**Work to complete**
Return, exactly and with nothing added, the line with "Kiehl's Sunscreen Product" together with all lines after it through the end of the data below. No pictures belong in the copy.

**Dataset content**
= Beginning of Section =
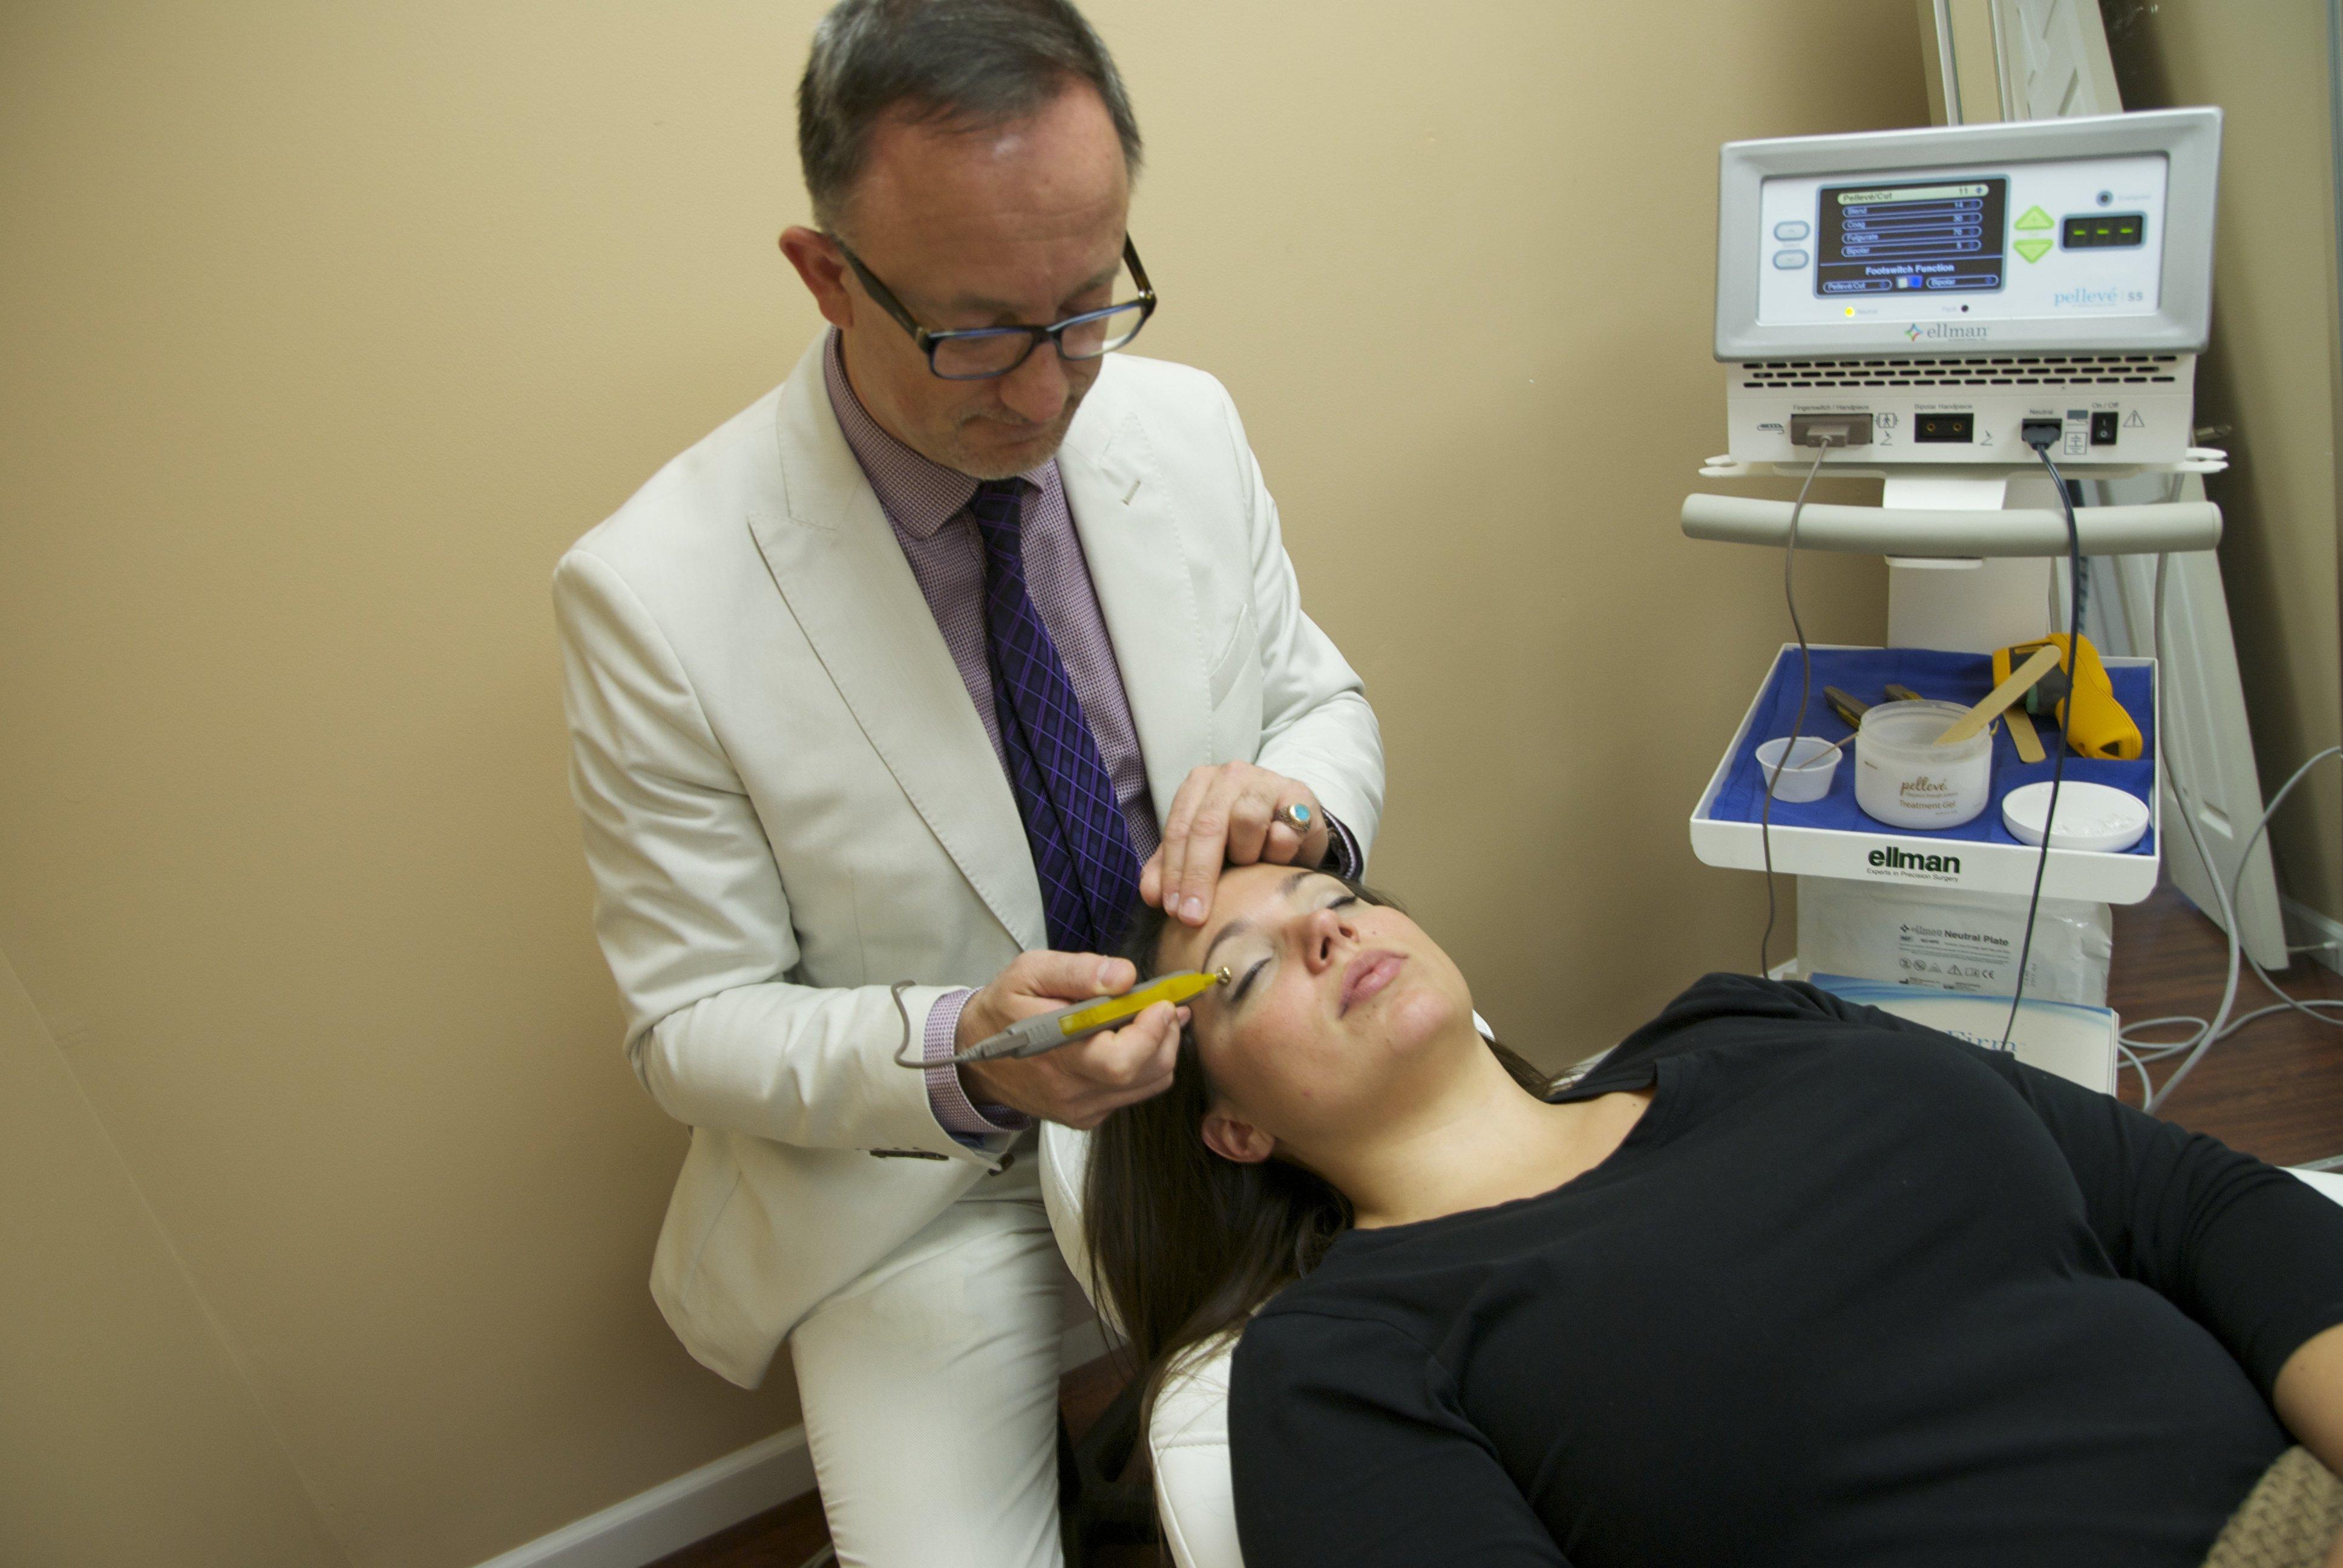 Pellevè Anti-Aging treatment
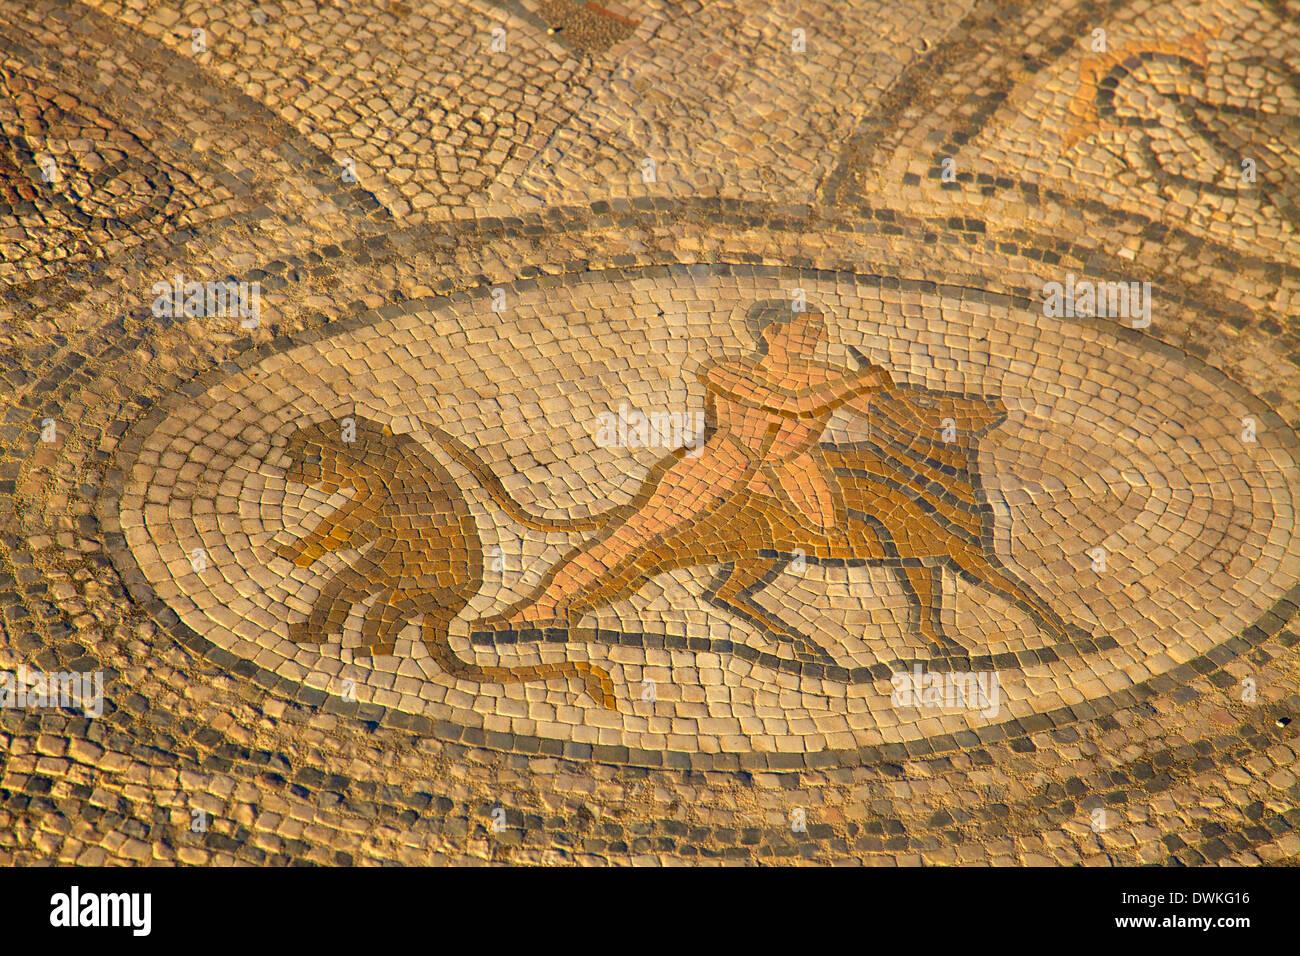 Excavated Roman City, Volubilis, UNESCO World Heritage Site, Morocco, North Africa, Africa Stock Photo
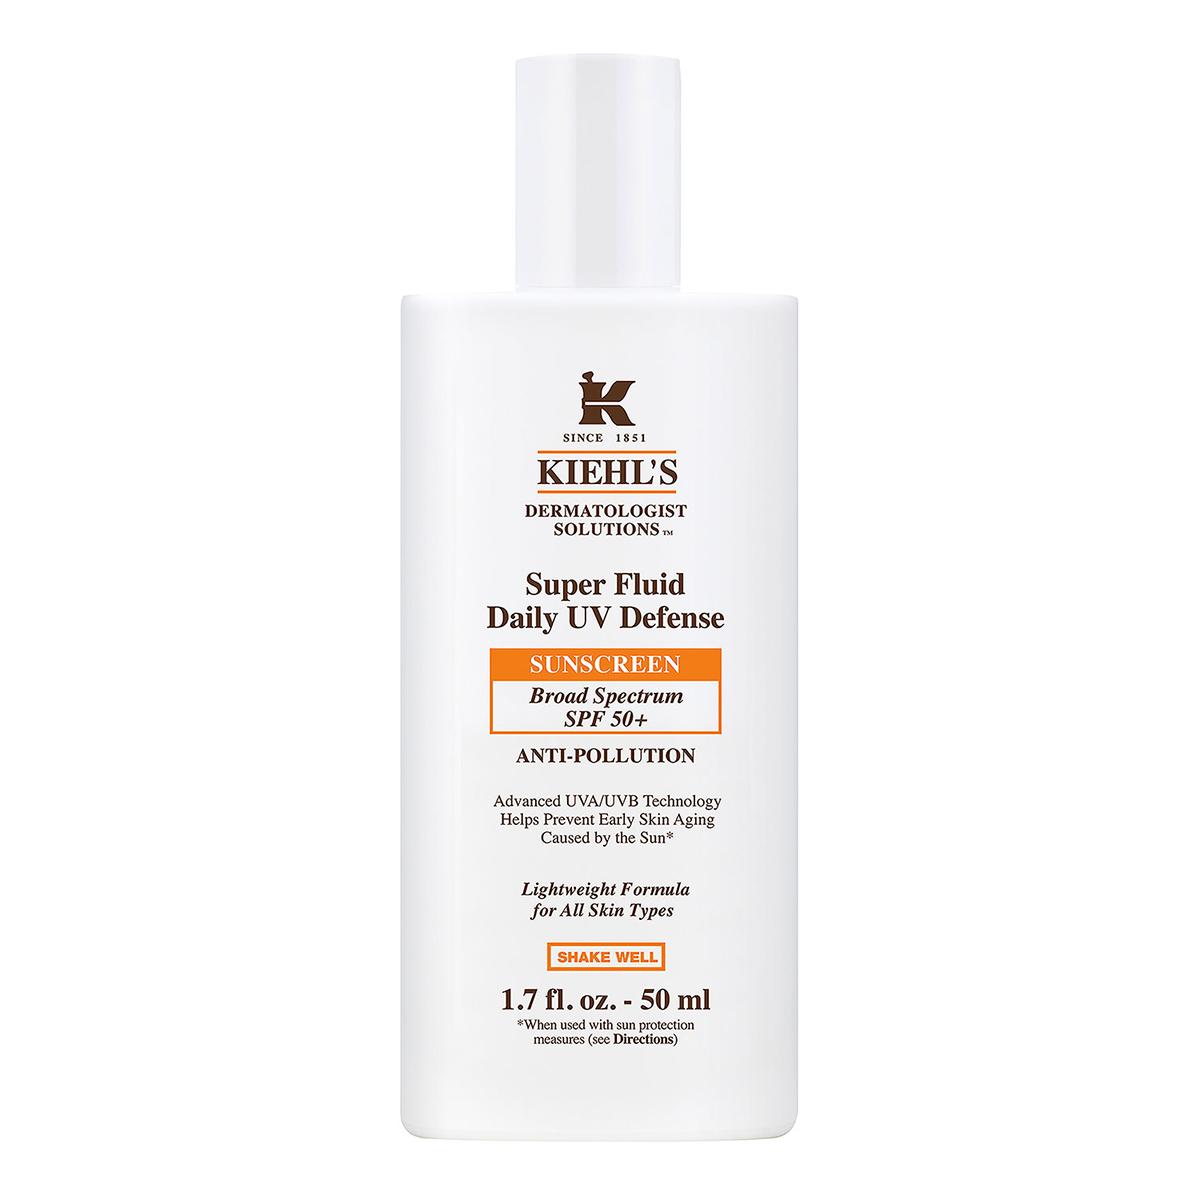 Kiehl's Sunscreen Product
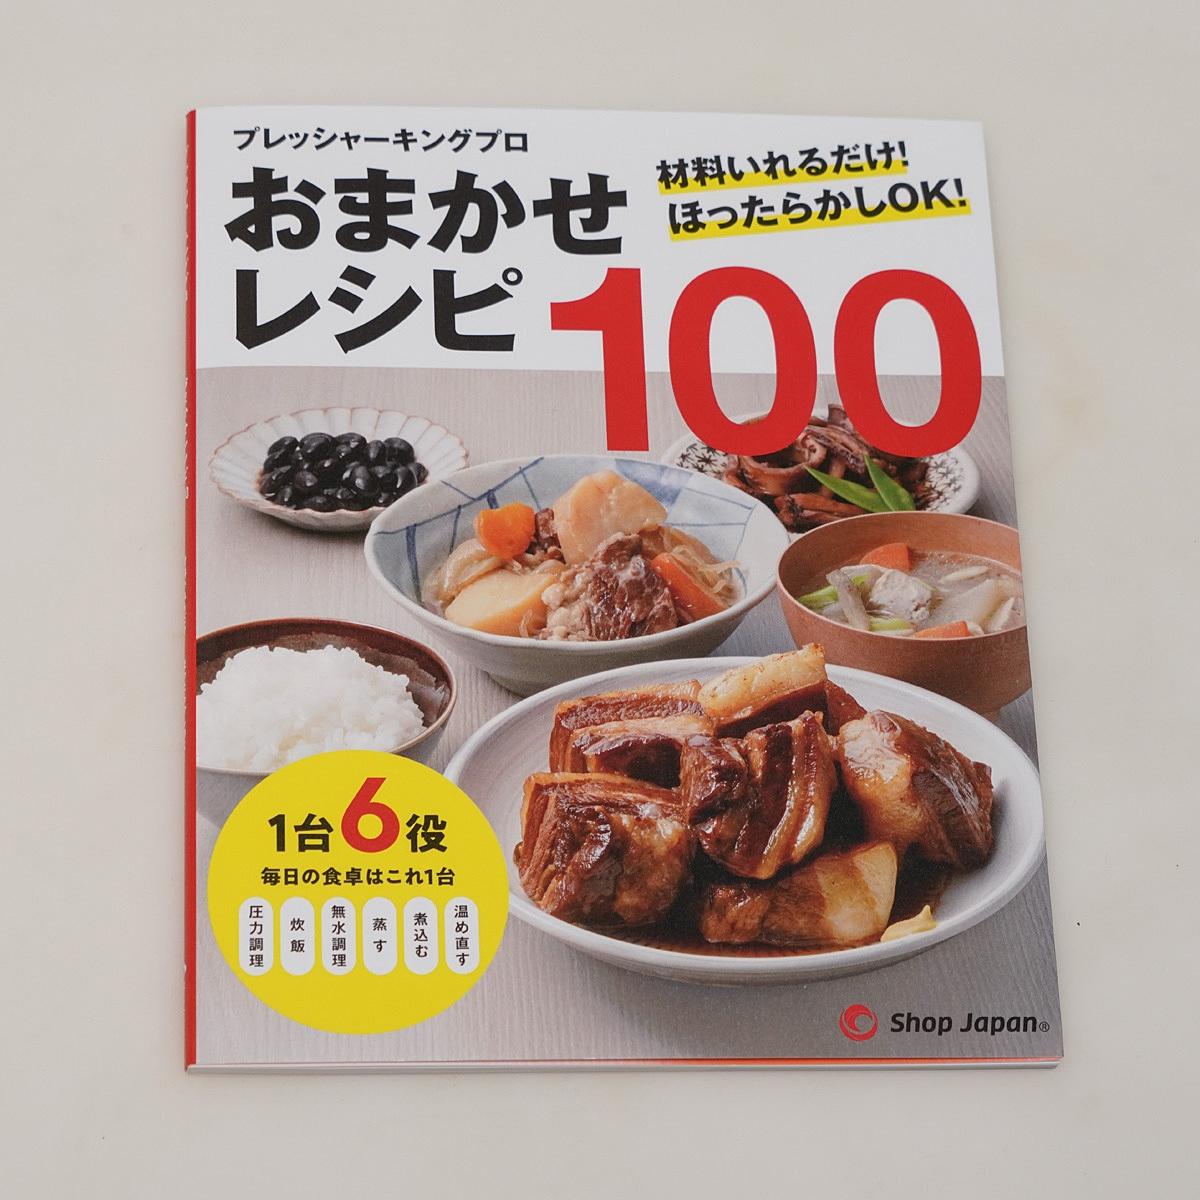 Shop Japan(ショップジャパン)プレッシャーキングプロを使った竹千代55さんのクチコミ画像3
= End of Section =
**Solution to the problem**
 Kiehl's Sunscreen Product
 Shop Japan(ショップジャパン)プレッシャーキングプロを使った竹千代55さんのクチコミ画像3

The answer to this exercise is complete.